Monday, December 10, 2012

Rage is not the Only Emotion; Oct. 7 Prompt

Rage is not the Only Emotion
            When I think of emotional writing, Abraham Lincoln writing an angry letter then burning it in the fire comes to my mind. True story. Whenever Abraham Lincoln was angry with someone, he would write them a mean, angry letter; afterwards, he would toss it in his fireplace and burn it. While this is not a direct quote, he told a friend who had questioned his practice that it was better to write all his angry comments in a letter and burn it than it was to send it and cause contention between him and a friend.
            Anyway, I do not normally associate emotional writing with just anger or other negative emotional writing.

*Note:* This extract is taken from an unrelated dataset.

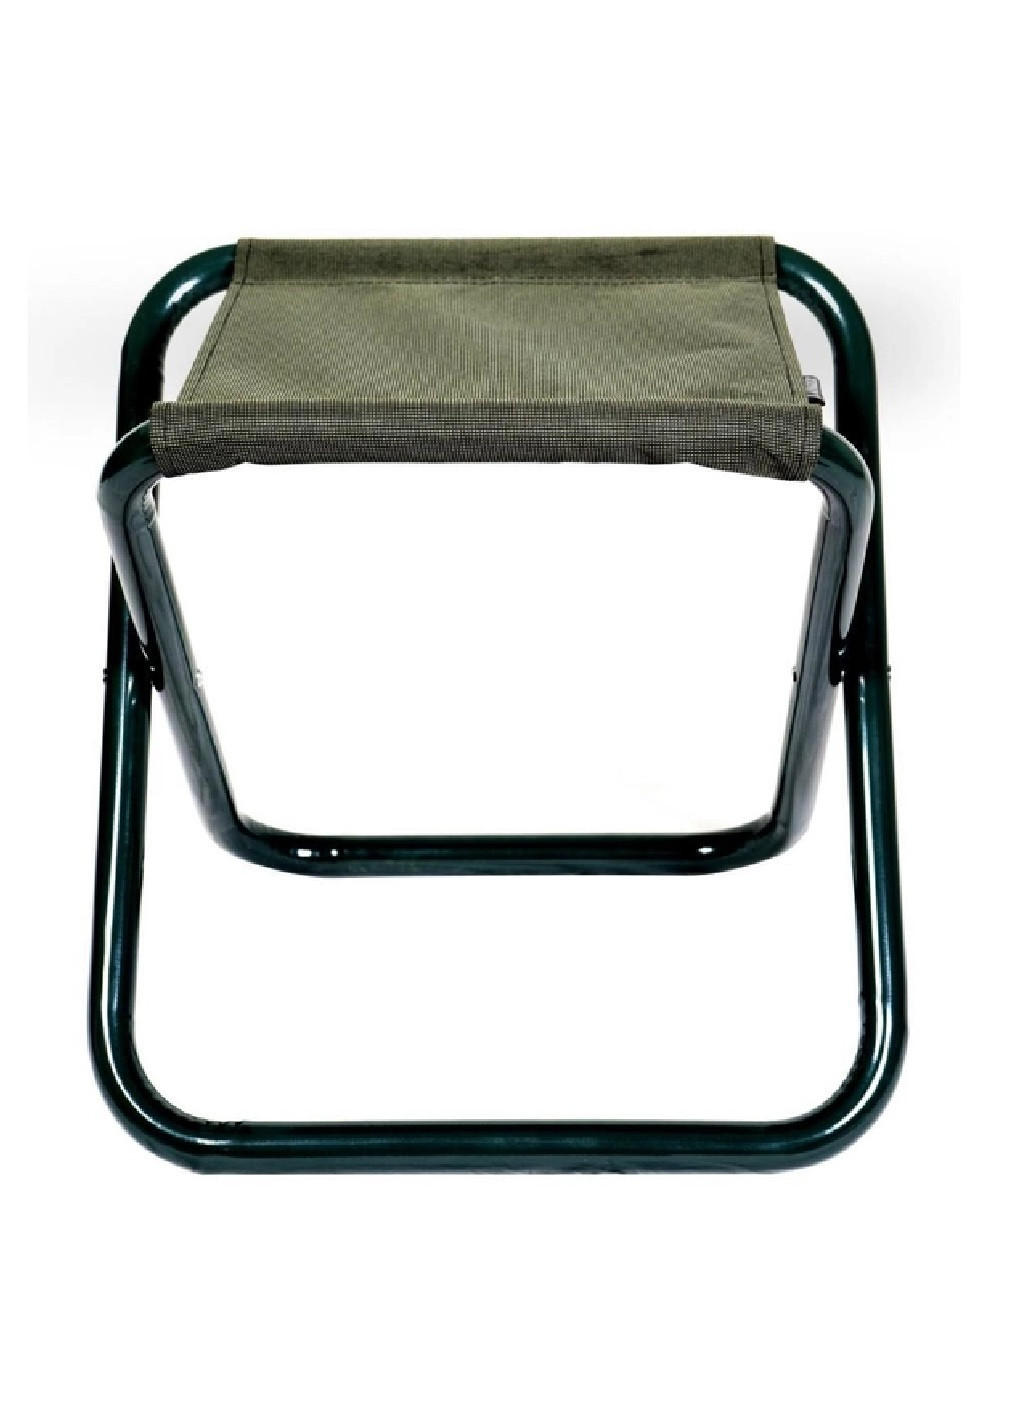 Раскладной легкий стул без спинки для отдыха дачи рыбалки туризма кемпинга 39х33,5х42 см (475301-Prob) Зеленый Unbranded (265391185)

Emotional writing can be writing while happy, enthusiastic, or playful. The following story comes from my classroom response about my experience with an emotional student.
            “Over the past few weeks of tutoring, I have had the opportunity to tutor a little more than a dozen students. Before our discussion in class regarding emotional students, I had been reflecting on whether I’ve tutored an emotional student or not. While I could not think of any for several minutes, it dawned on me that I had indeed tutored emotional students.
            Last week [first week of October], I tutored a young man who was writing a personal narrative for English 955. In his personal narrative, he explained how he used to party and drink nearly every weekend or more. However, his life changed when he found out that his girlfriend was pregnant. After that he decided to turn himself around and he stopped partying and started thinking about his future child’s life and how important he felt it was to be a good father.”
            While this student was not mad or angry with anyone or anything, he was nonetheless emotional. Fortunately for the both of us, his positive emotions helped him be more open to my suggestions about his essay. After all, one of the pitfalls I know I often fall into when writing in an emotionally compromised state of mind is consistent errors, particularly errors that are preventable if I was calm.
            Often times, I find that most of my own emotional writing is a result of my procrastination. Because of this procrastination, I frequently do not proofread my essays. As a result, my essays usually have some typos, repeats, and other problems that could have easily been avoided had I given myself the proper amount of time to write them.